Let's compare this to a non-augmented query...

In [71]:
res = openai.ChatCompletion.create(
    model="gpt-3.5-turbo",
    messages=[
        {"role": "system", "content": primer},
        {"role": "user", "content": query}
    ]
)
display(Markdown(res['choices'][0]['message']['content']))

I'm sorry, but I don't have enough information to answer your question. Can you provide me with more context and details about what you mean by "LB IPAM" and what type of system or platform you are referring to? Additionally, without knowing your specific requirements and environment, it's not possible to provide a YAML configuration that would be suitable for your needs.

If we drop the `"I don't know"` part of the `primer`?

In [72]:
res = openai.ChatCompletion.create(
    model="gpt-3.5-turbo",
    messages=[
        {"role": "system", "content": "You are Q&A bot.

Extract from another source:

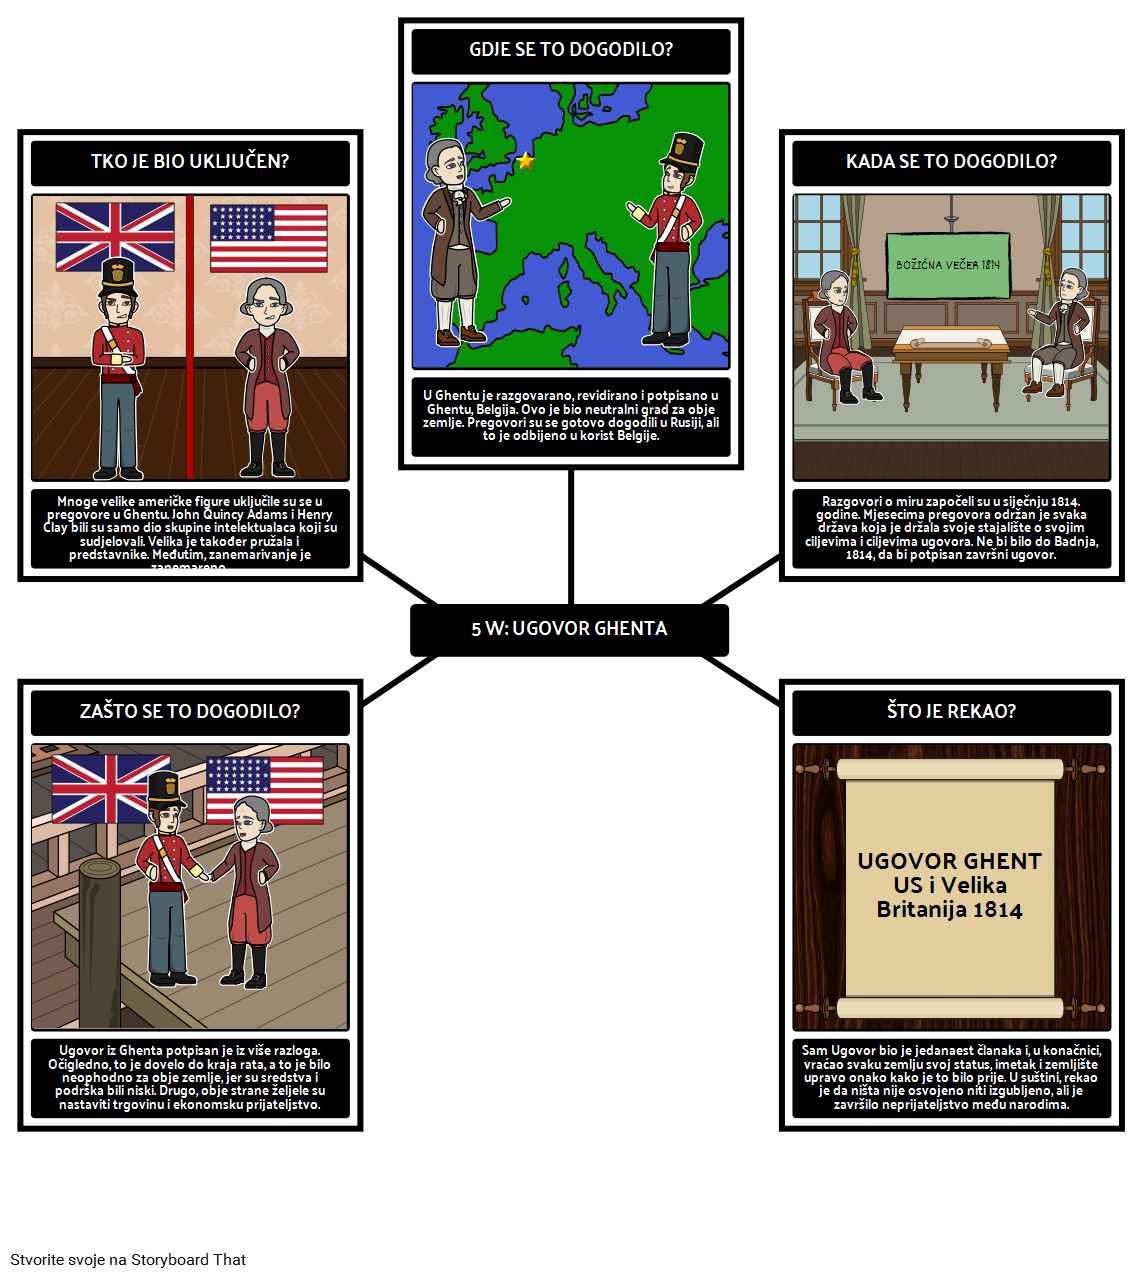 Rat iz 1812. - 5 Ws Ghentovog ugovora
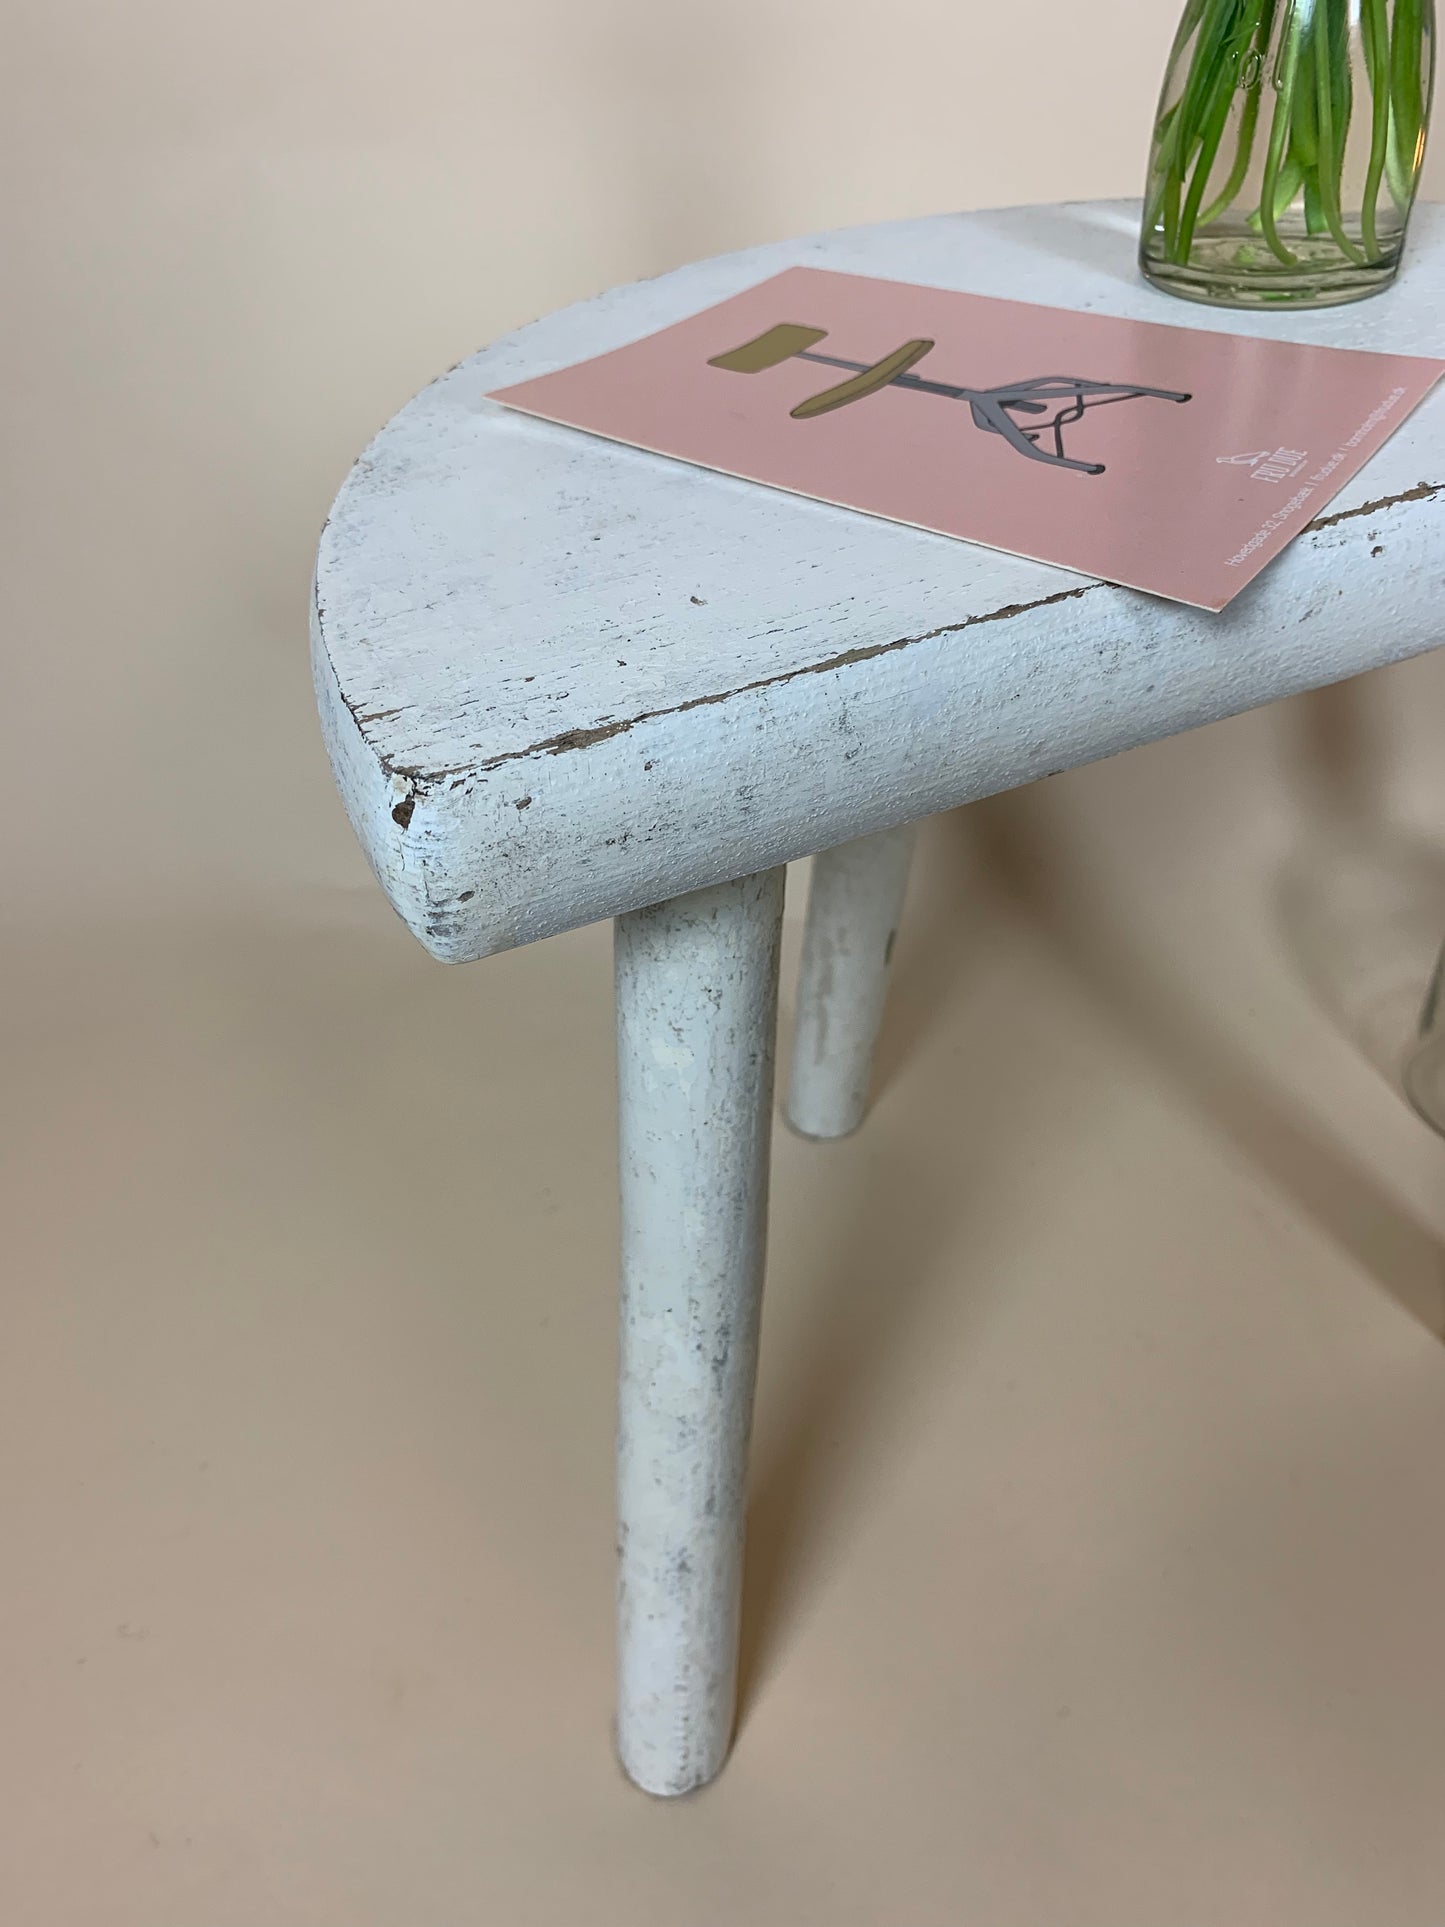 Dekorativ lille malkeskammel eller malkestol

A highly intelligent system that answers user questions"},
        {"role": "user", "content": query}
    ]
)
display(Markdown(res['choices'][0]['message']['content']))

To configure LoadBalancer IPAM (LB IPAM) in Kubernetes, you can use the following YAML config as an example:

```
apiVersion: crd.projectcalico.org/v1alpha1
kind: IPPool
metadata:
  name: lb-ippool
spec:
  blockSize: 26
  cidr: {{LB_CIDR}}
  ipipMode: Always
  natOutgoing: true
  nodeSelector: has(lb-node)=true
  vxlanMode: Never

---

apiVersion: projectcalico.org/v3
kind: IPPoolClaim
metadata:
  name: lb-ippool-claim
spec:
  cidr: {{LB_CIDR}}
  ipam: ipam-controller
```

In this config, you define an IP pool for LB IPAM using the `IPPool` resource, which sets parameters like CIDR range and node selection. Then, you create a pool claim using the `IPPoolClaim` resource, which associates the IP pool with an IPAM controller. 

You will need to replace `{{LB_CIDR}}` with your desired CIDR range for the load balancer IP addresses.